Tuesday, 14 September 2010

The 2010 US Open - Supermum & Iron Man

By Shane Thomas

With the final Grand Slam of the year now over, here's a brief review of the two people who tasted victory at Flushing Meadows:


As mentioned in my last blog post, Kim Clijsters retained her US Open crown with a straight sets annihilation of Vera Zvonareva. In what was possibly the greatest sporting story of 2009, Clijsters returned to the game after retiring to start a family, in which time she had given birth to her daughter, Jada. She was only given a spot in last year's US Open as a wildcard. Unseeded, and having only had two tournaments to shake off two years of ring rust, she shocked and thrilled the tennis world to become the first wildcard entrant to win the US Open in the competition's 129 year history. The story was made even more memorable by little Jada (who was 1 at the time) tottering onto the Arthur Ashe court to celebrate with her mother. In the light of this achievement, Clijsters was dubbed, "Supermum" and "Momma Kim" by the press. And on the whole, these monikers were more affectionate than patronising. Even though combining motherhood with sporting success is rare, it's irrelevant as far as sporting competition goes. But after being away from the game for so long, with little practice and having an unprotected route to the trophy, the fact she still beat the best the women's game had to offer was incredible. Her new found motherhood simply added a nice layer of warmth to the story.
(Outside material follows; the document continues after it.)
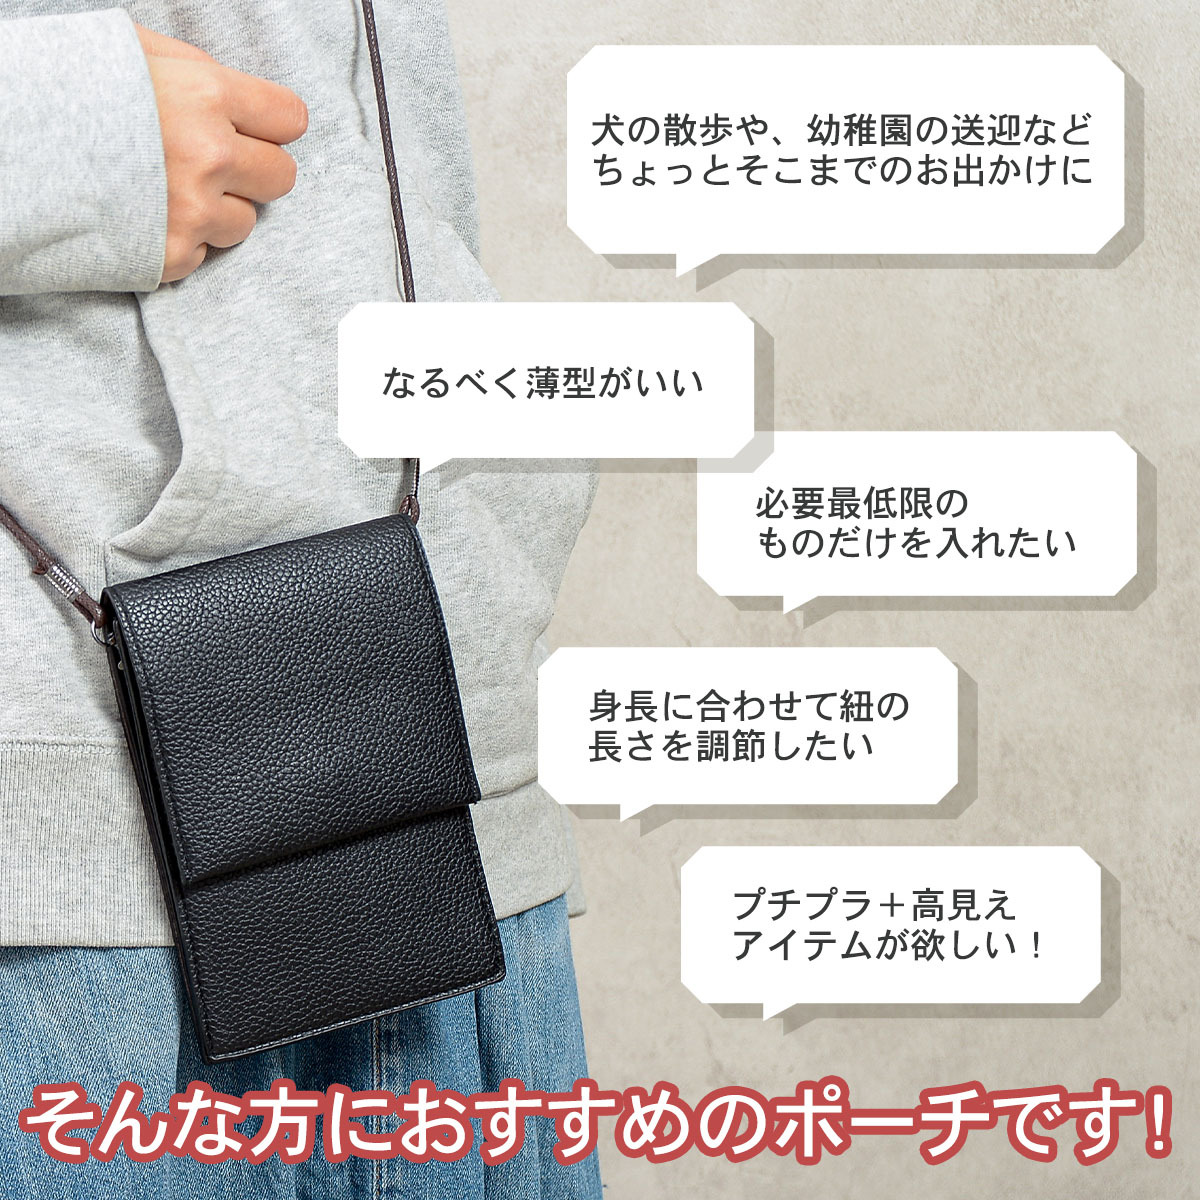  искусственная кожа тонкий плечо сумка смартфон сумка небольшая сумочка мобильный inserting простой легкий плечо .. наклонный .. симпатичный модный симпатичный 
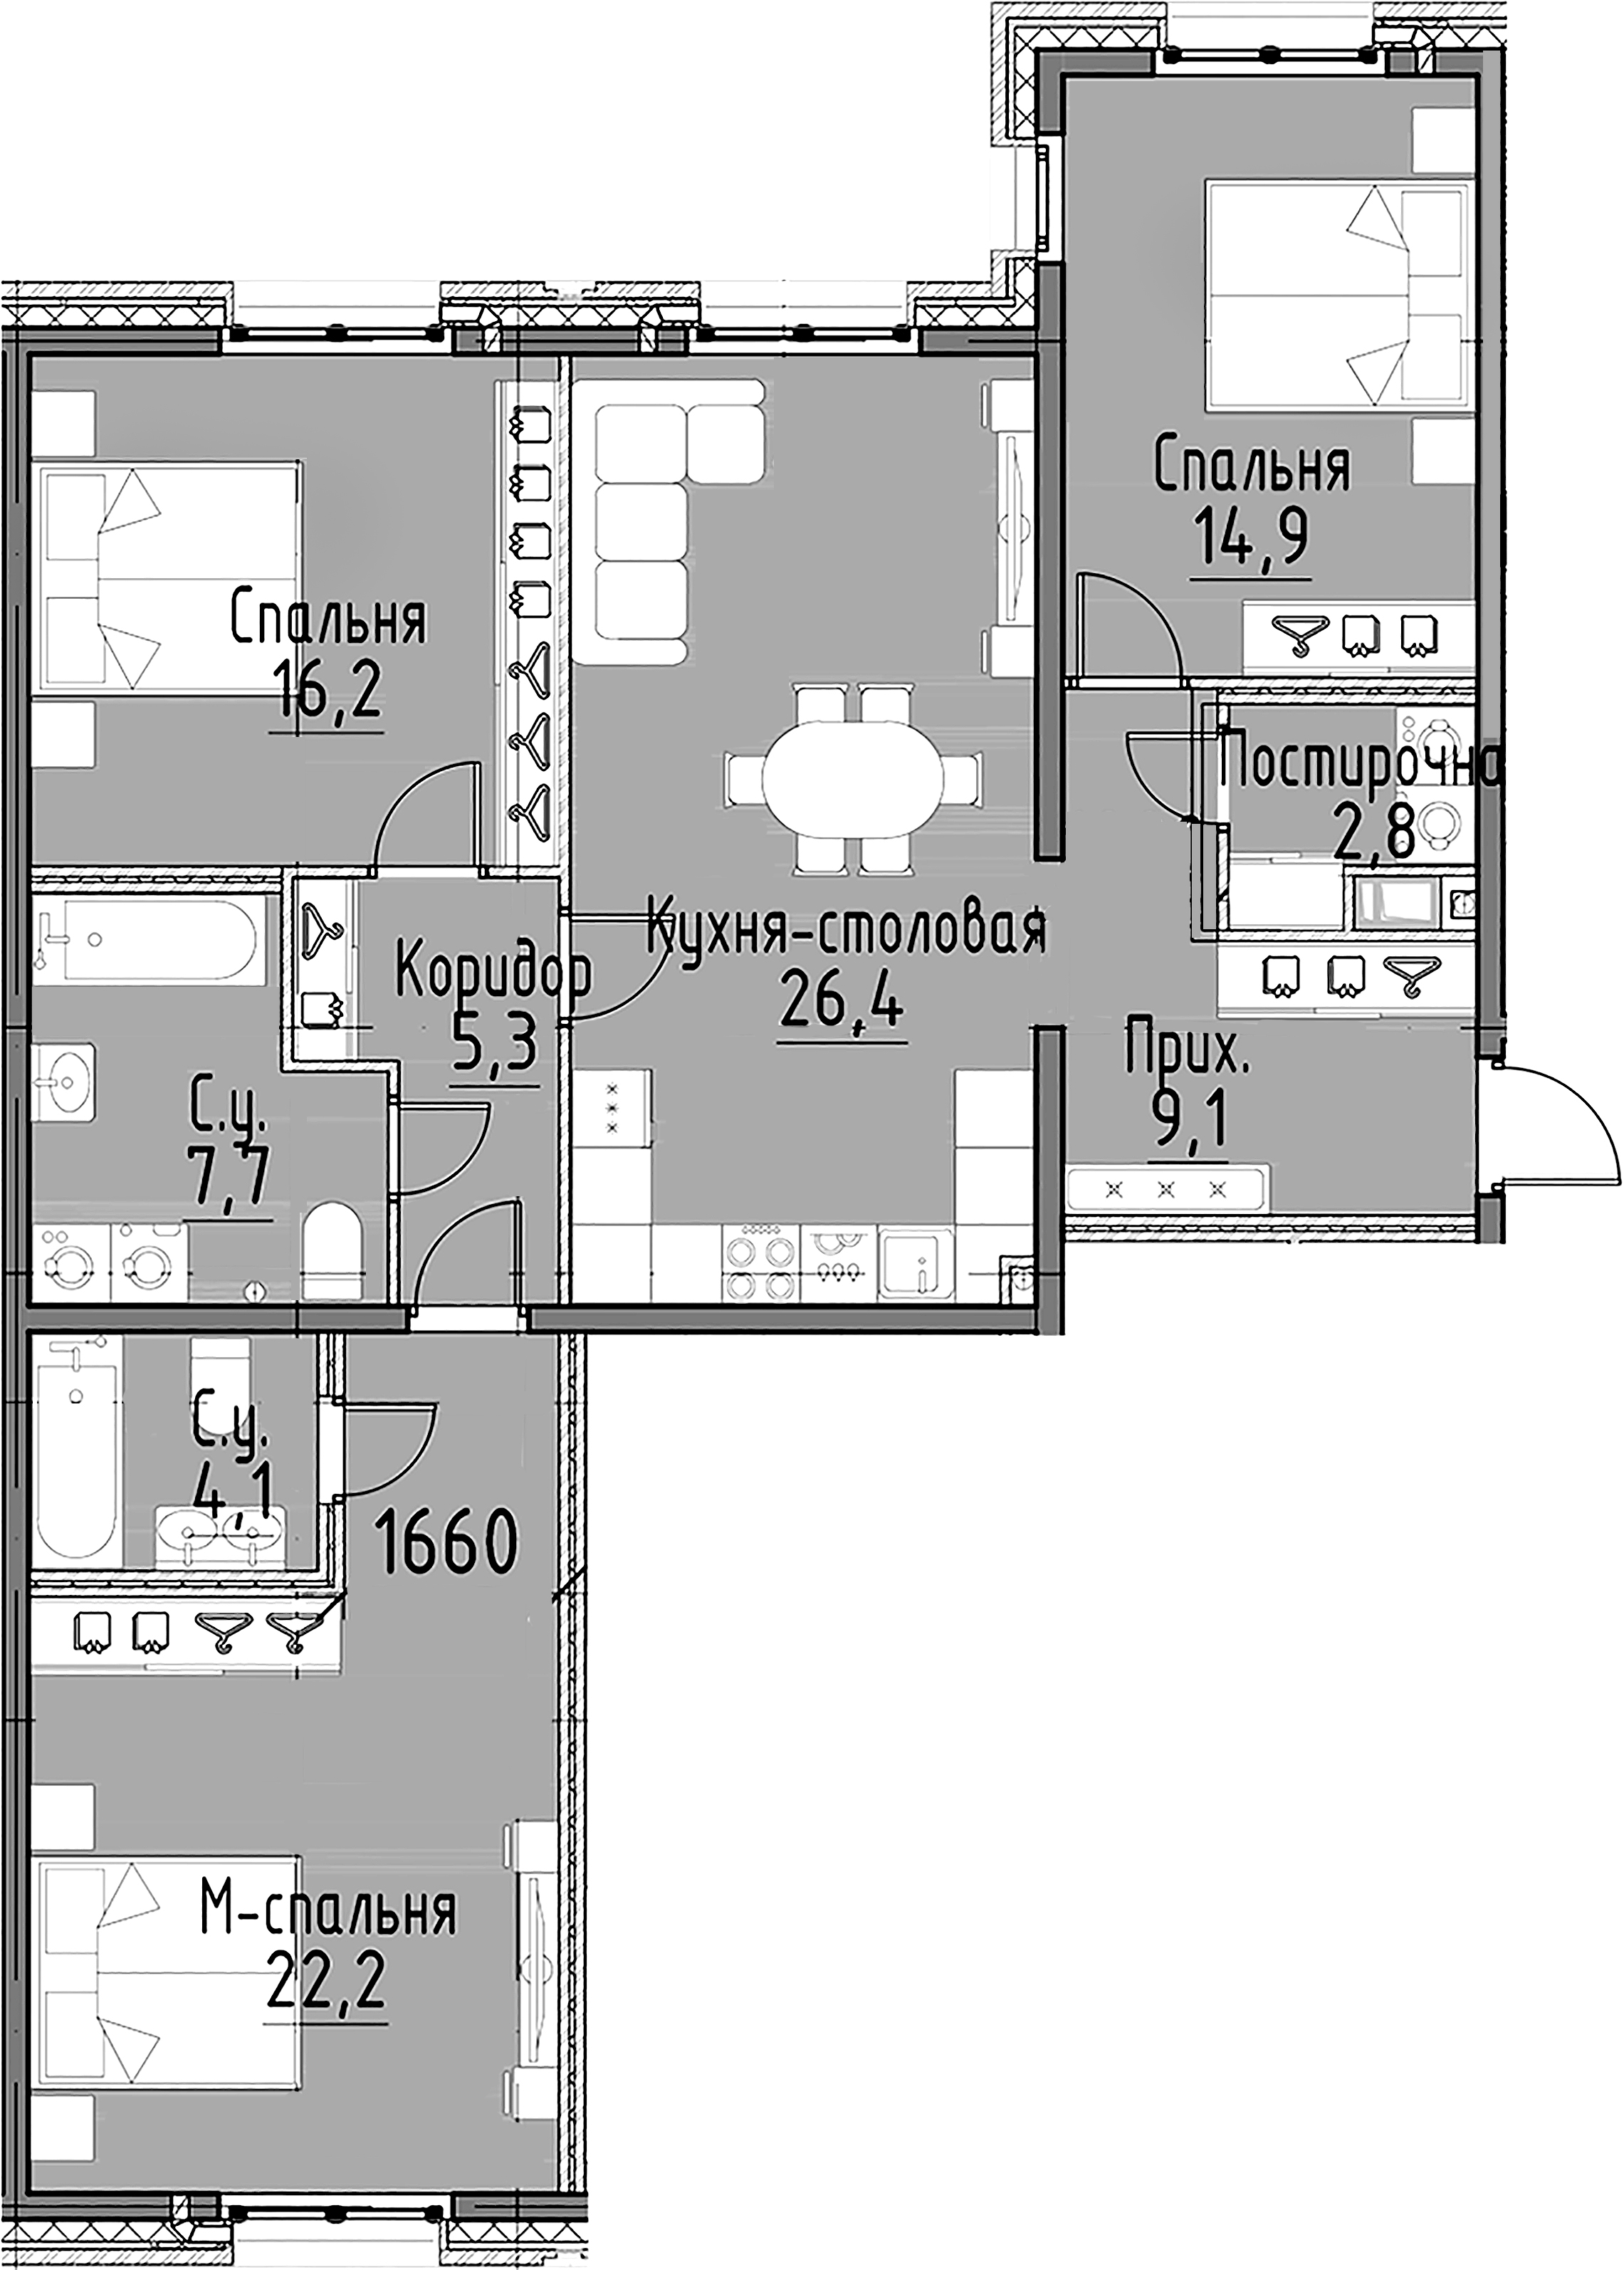 3-комнатная квартира  №7 в Моисеенко, 10: 108.7 м², этаж 3 - купить в Санкт-Петербурге

But Clijsters is back amongst the major players of the women's game, and is now expected to be in the latter stages of tournaments. And she provided an impressive sequel to last year's blockbuster success in America.

Normally in a sequel, the hero/heroine has to face an enemy more deadly and dangerous that anything they've faced before. But Clijsters decided to write her own script. After getting the better of Venus Williams in a tense semi-final, she tore Zvonareva apart. Winning in under an hour, 'Supermum' had plenty of energy left to celebrate on court with her daughter again. Little Jada must be thinking that these yearly trips to New York are quite straightforward: "Stay in nice hotel, Mummy hits those fuzzy yellow balls for two weeks, and then we get to take a shiny trophy home".


Rafael Nadal and Novak Djokovic took part in an enthralling men's final a few hours ago with Nadal coming out on top, 6-4, 5-7, 6-4, 6-2. At one set all, it was anyone's match. But 'Iron Man' turned up the pressure and broke Djokovic's will in the third set, producing tennis that was as good as I've ever seen. There were rallies in that match that were breathtaking in their brilliance.

And don't think this was another example of Djokovic's temperament failing him again. He has been nicknamed 'The Djoker' for his sense of fun on court and his impressions of his peers. Here's an example of this from last year's US Open - http://www.youtube.com/watch?v=N8gbgse0WsY. But the Serb has truly grown up in the past fortnight. He showed his resolve by saving two match points to defeat Roger Federer in the semi-final. And as well as he performed in the final, Nadal refused to be beaten. Playing against the Spaniard is like carrying a heavy load without knowing when you can let it go. It's tough enough exhorting your aching limbs to keep going without having to do the same to your competitive will. Rafa ratcheted up the pressure until it seemed that there was no end in sight to the torment. He put Andy Murray on the torture rack at Wimbledon earlier in the year. At Flushing Meadows, it was Djokovic's turn.

And now Nadal has taken his place amongst the greats. Victory at the US Open makes him only the seventh man in history to win all four of the sport's most coveted prizes. But it's not just the garlands that he's earned, but the manner of their acquisition that has left the sport awestruck. Yesterday, Rafa played a match close to perfection, and now the unquestionable has to now be questioned. Can Roger Federer still be called the greatest man ever to swing a racket? I think yes, but for the first time, 'Iron Man' has planted a seed of doubt in my mind. And if he continues on his current charge, that seed may continue to grow.